[DATA EXCERPT Boundary: Start]

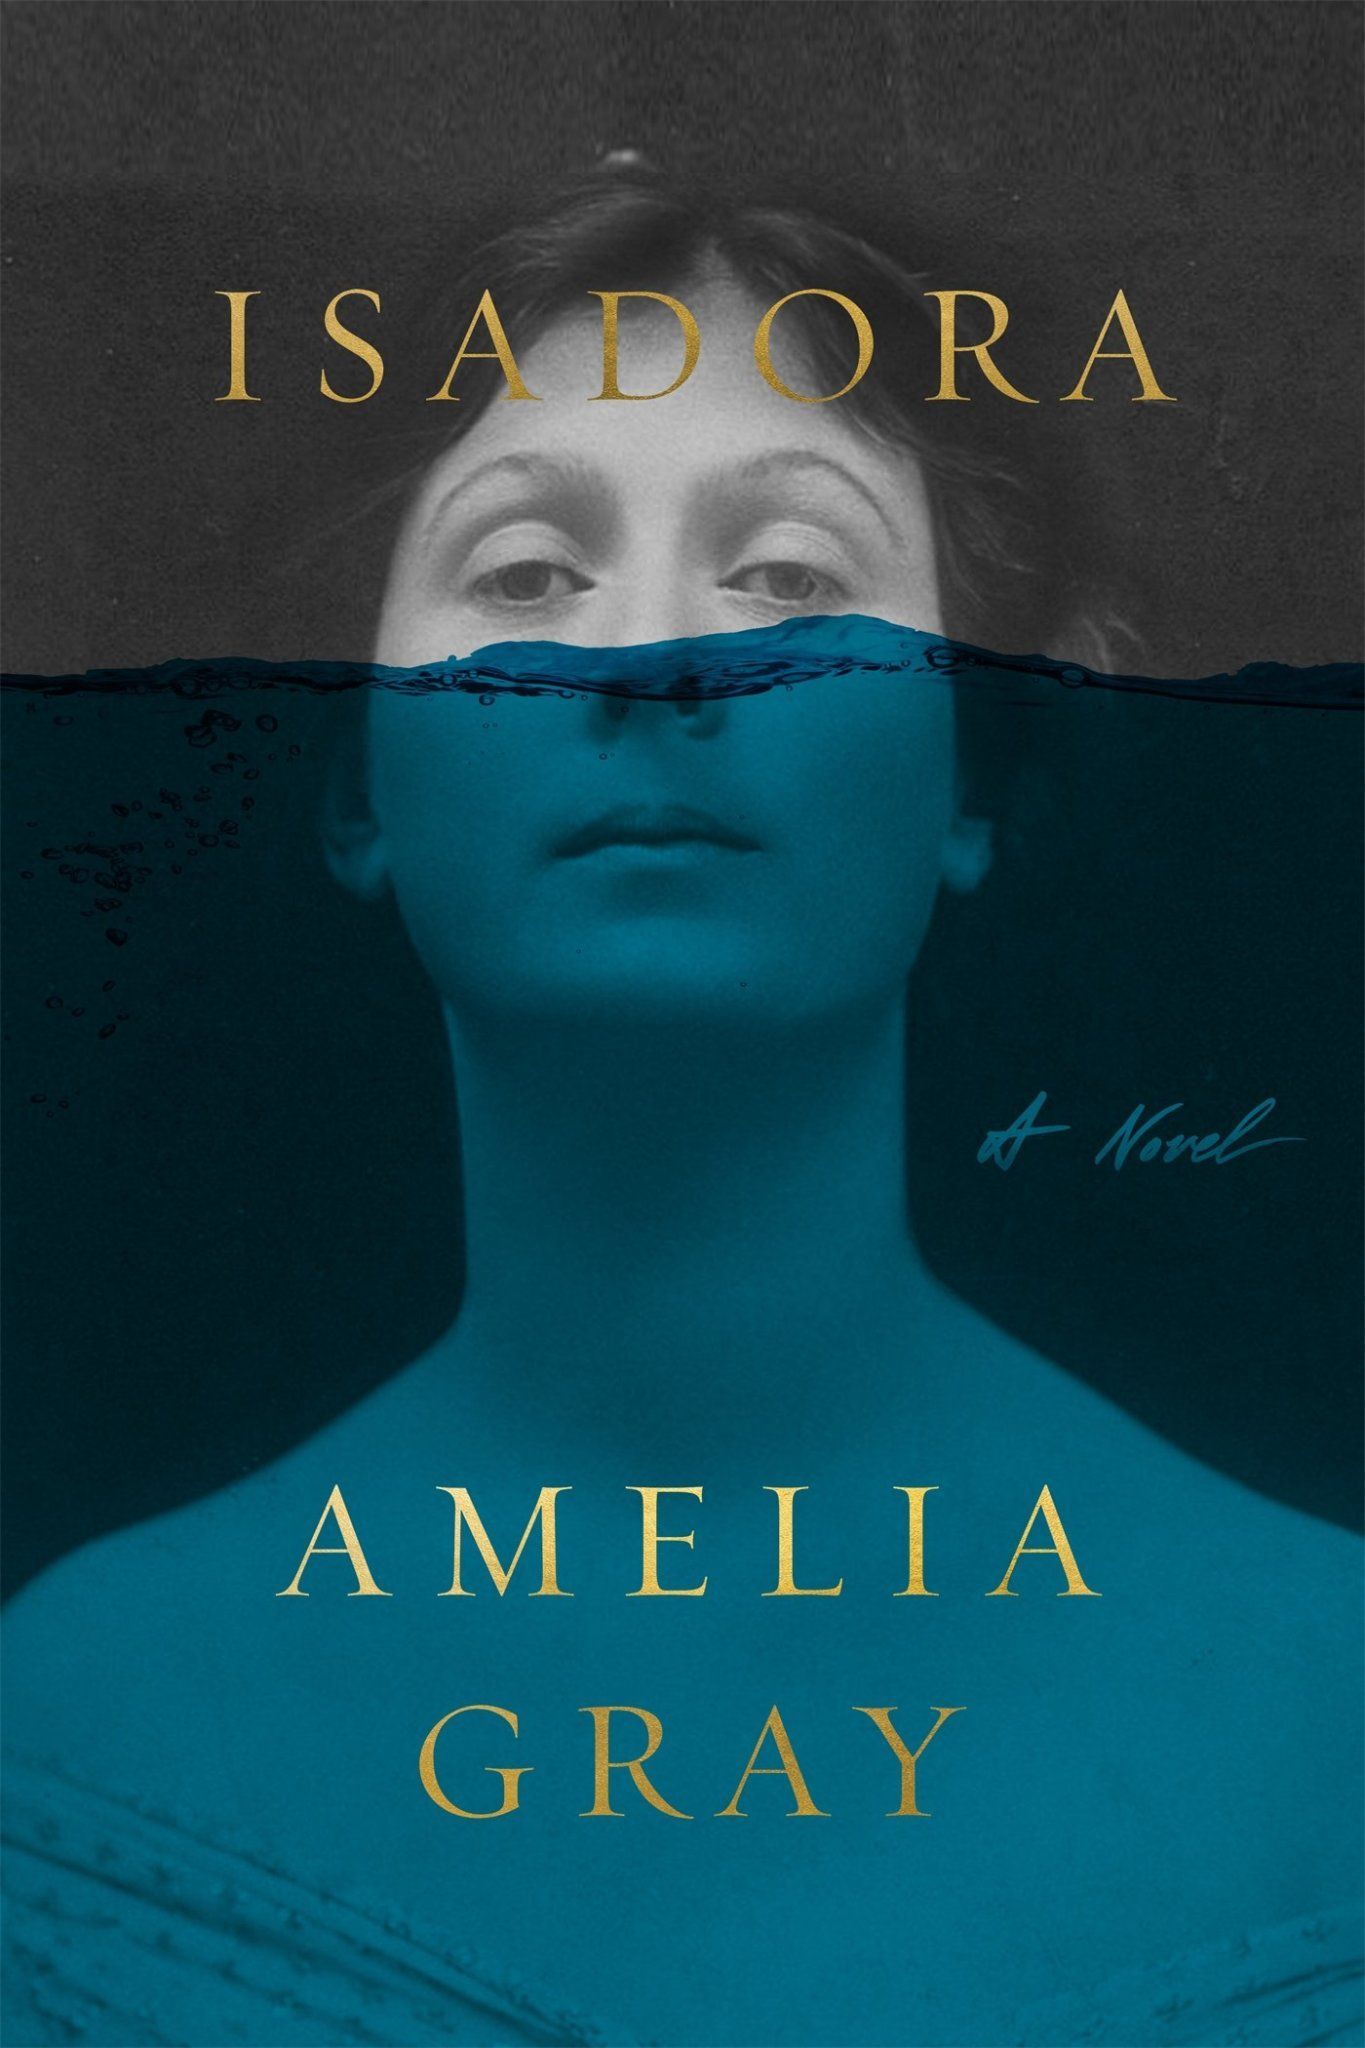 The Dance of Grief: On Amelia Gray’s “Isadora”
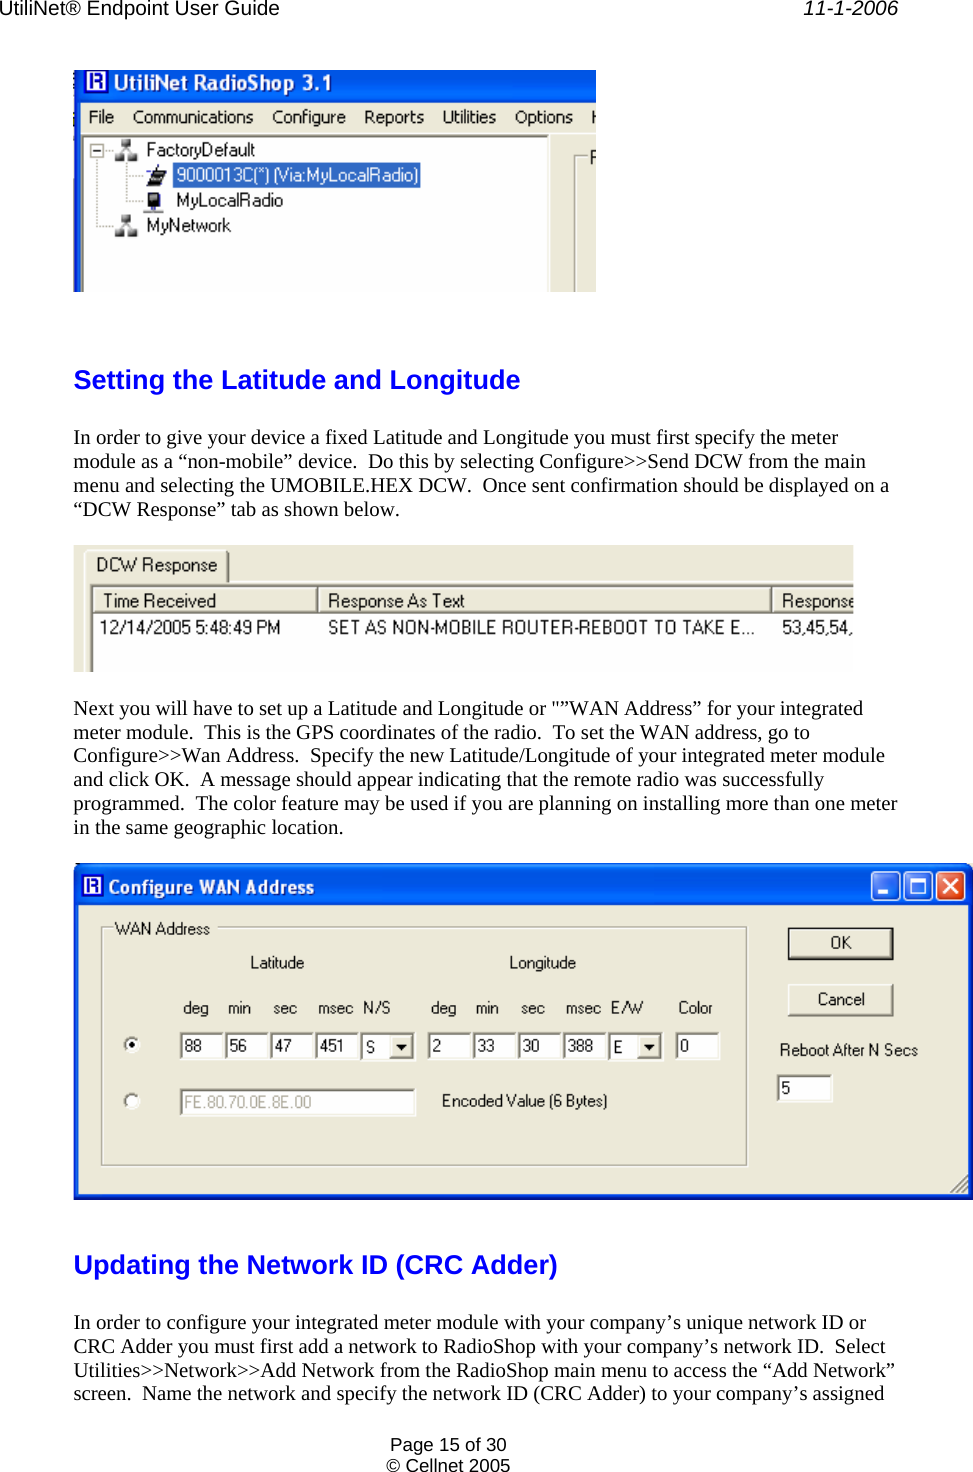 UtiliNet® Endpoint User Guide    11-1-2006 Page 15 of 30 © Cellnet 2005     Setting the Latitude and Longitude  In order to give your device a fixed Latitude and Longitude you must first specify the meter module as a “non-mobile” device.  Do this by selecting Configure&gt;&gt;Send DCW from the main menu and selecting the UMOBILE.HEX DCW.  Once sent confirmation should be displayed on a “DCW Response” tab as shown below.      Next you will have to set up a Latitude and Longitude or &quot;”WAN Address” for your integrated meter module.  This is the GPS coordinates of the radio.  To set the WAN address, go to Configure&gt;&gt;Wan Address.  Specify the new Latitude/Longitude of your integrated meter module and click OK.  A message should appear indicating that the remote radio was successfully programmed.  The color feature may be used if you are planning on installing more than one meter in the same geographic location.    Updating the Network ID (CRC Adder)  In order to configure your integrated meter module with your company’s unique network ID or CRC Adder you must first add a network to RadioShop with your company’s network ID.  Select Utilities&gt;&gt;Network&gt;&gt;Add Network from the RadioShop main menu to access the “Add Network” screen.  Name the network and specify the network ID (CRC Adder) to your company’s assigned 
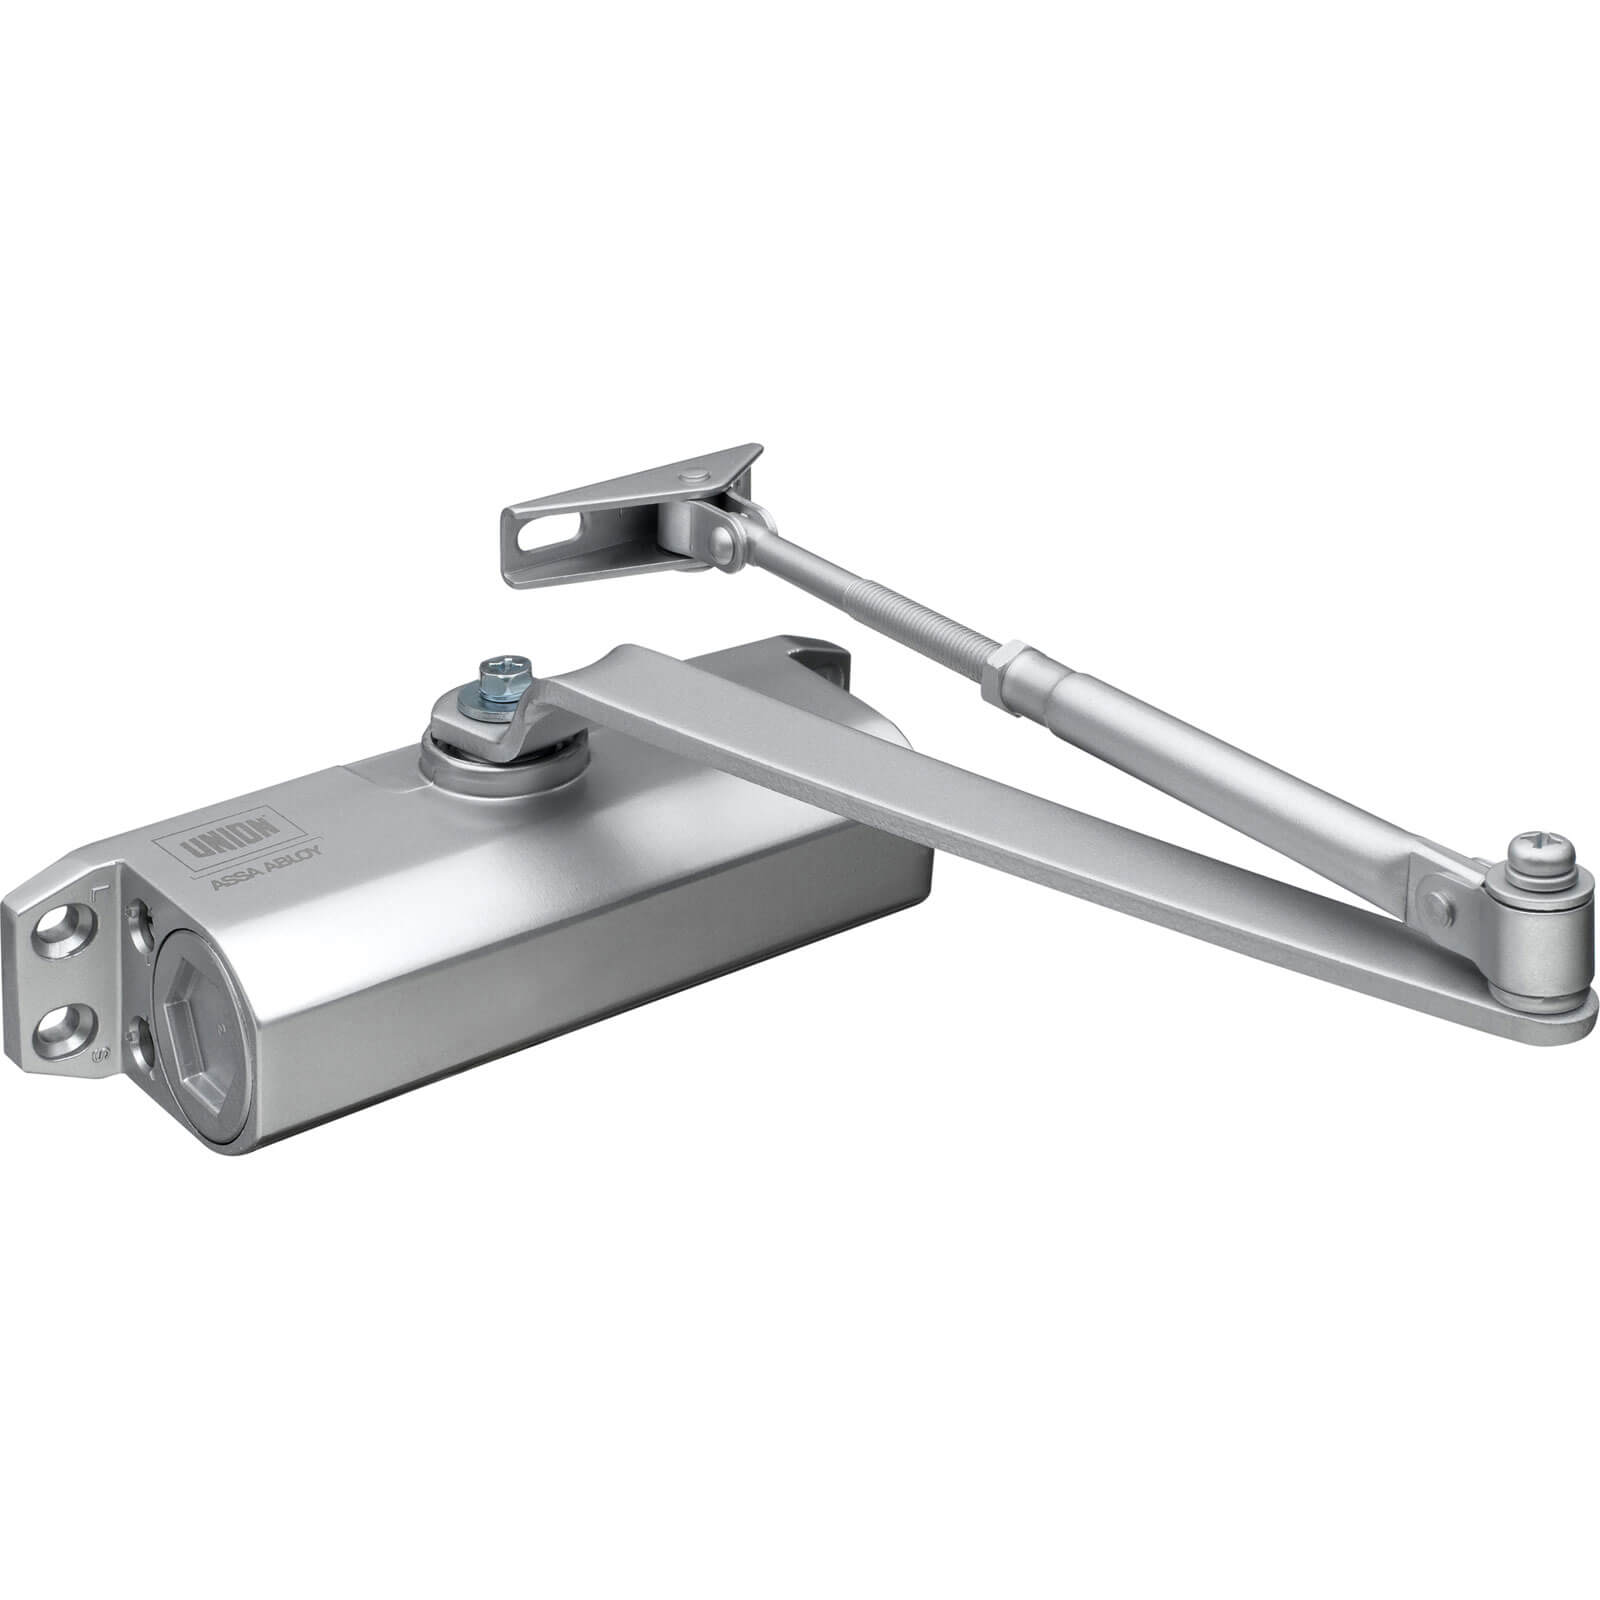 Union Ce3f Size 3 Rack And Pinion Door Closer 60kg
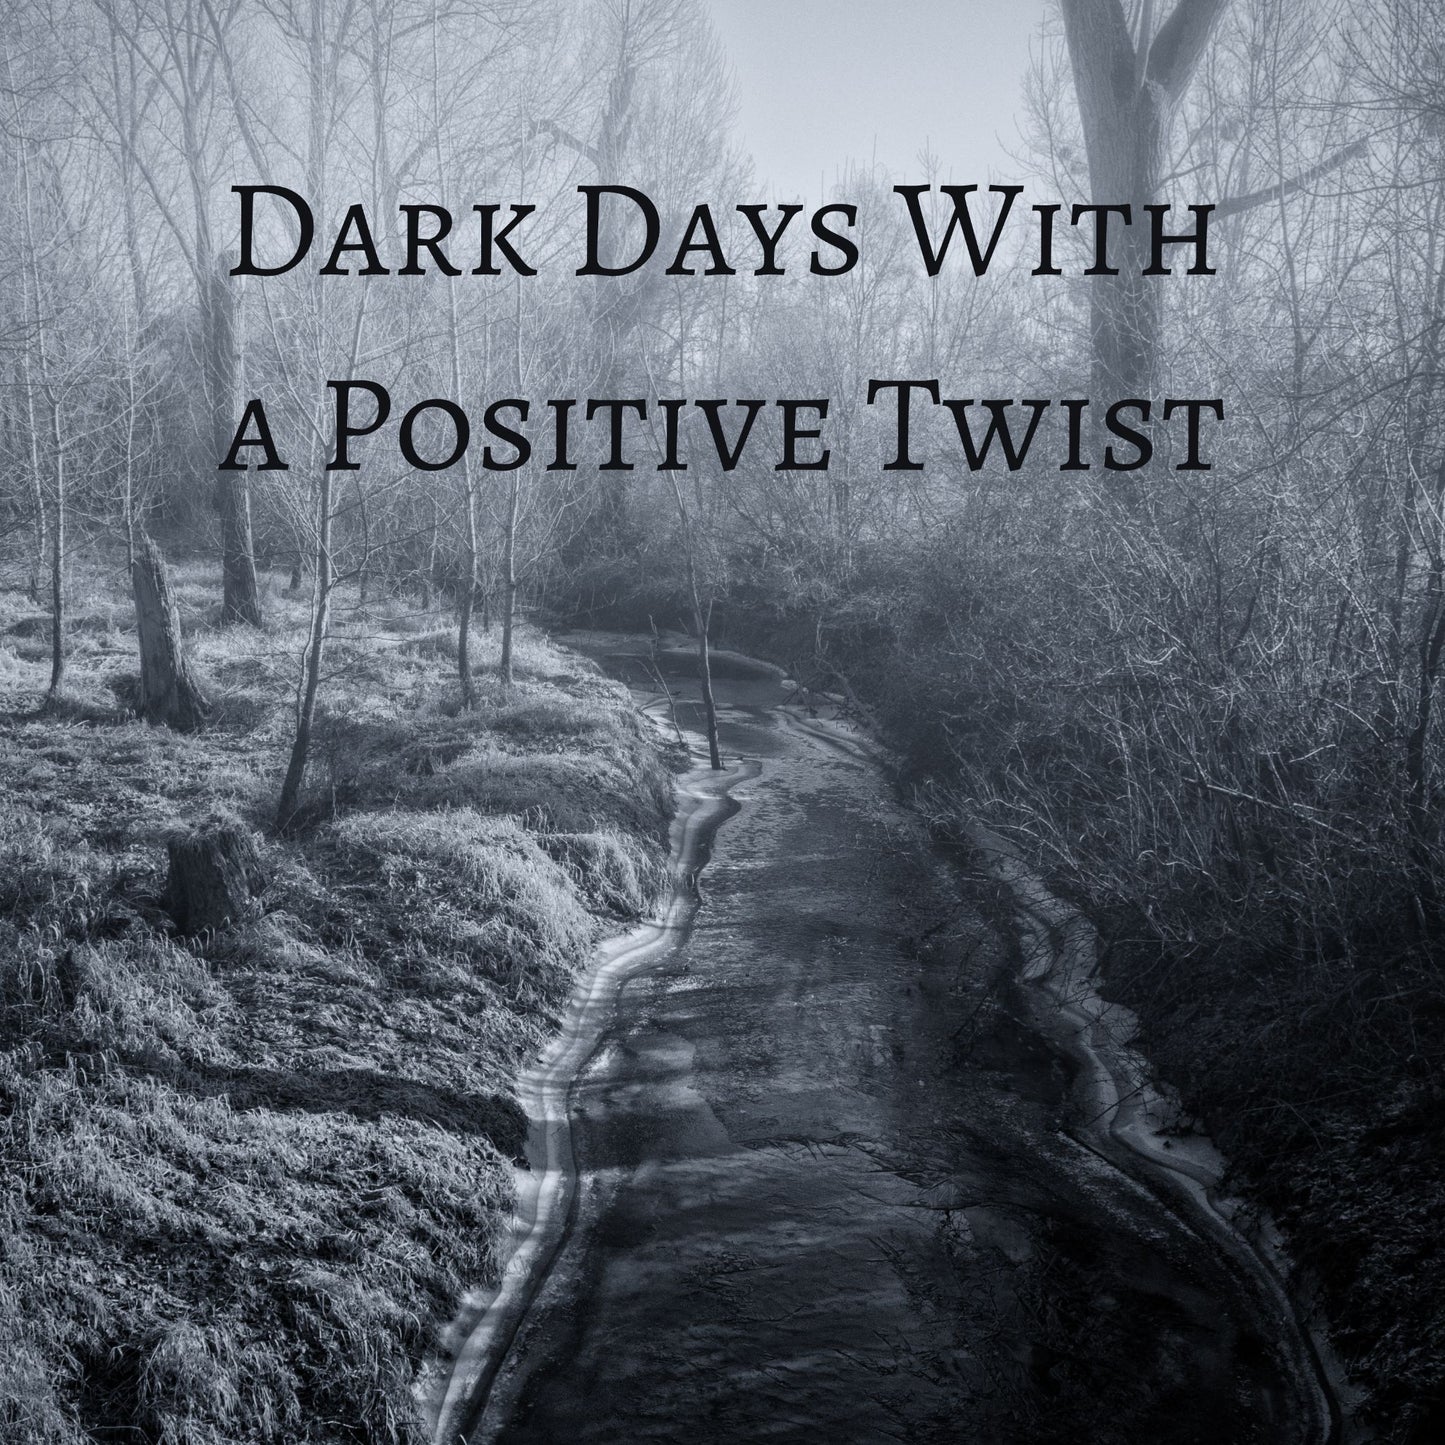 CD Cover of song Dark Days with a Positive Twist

[DATA EXCERPT Boundary: End]

WHAT YOU HAVE TO DO: The answer must be the lines above from the line that contains "UtiliNet® Endpoint User" to the final line of the data, word for word, with no pictures.

WRITTEN ANSWER:
 UtiliNet® Endpoint User Guide    11-1-2006 Page 15 of 30 © Cellnet 2005     Setting the Latitude and Longitude  In order to give your device a fixed Latitude and Longitude you must first specify the meter module as a “non-mobile” device.  Do this by selecting Configure&gt;&gt;Send DCW from the main menu and selecting the UMOBILE.HEX DCW.  Once sent confirmation should be displayed on a “DCW Response” tab as shown below.      Next you will have to set up a Latitude and Longitude or &quot;”WAN Address” for your integrated meter module.  This is the GPS coordinates of the radio.  To set the WAN address, go to Configure&gt;&gt;Wan Address.  Specify the new Latitude/Longitude of your integrated meter module and click OK.  A message should appear indicating that the remote radio was successfully programmed.  The color feature may be used if you are planning on installing more than one meter in the same geographic location.    Updating the Network ID (CRC Adder)  In order to configure your integrated meter module with your company’s unique network ID or CRC Adder you must first add a network to RadioShop with your company’s network ID.  Select Utilities&gt;&gt;Network&gt;&gt;Add Network from the RadioShop main menu to access the “Add Network” screen.  Name the network and specify the network ID (CRC Adder) to your company’s assigned 
 Union Ce3f Size 3 Rack And Pinion Door Closer 60kg
 CD Cover of song Dark Days with a Positive Twist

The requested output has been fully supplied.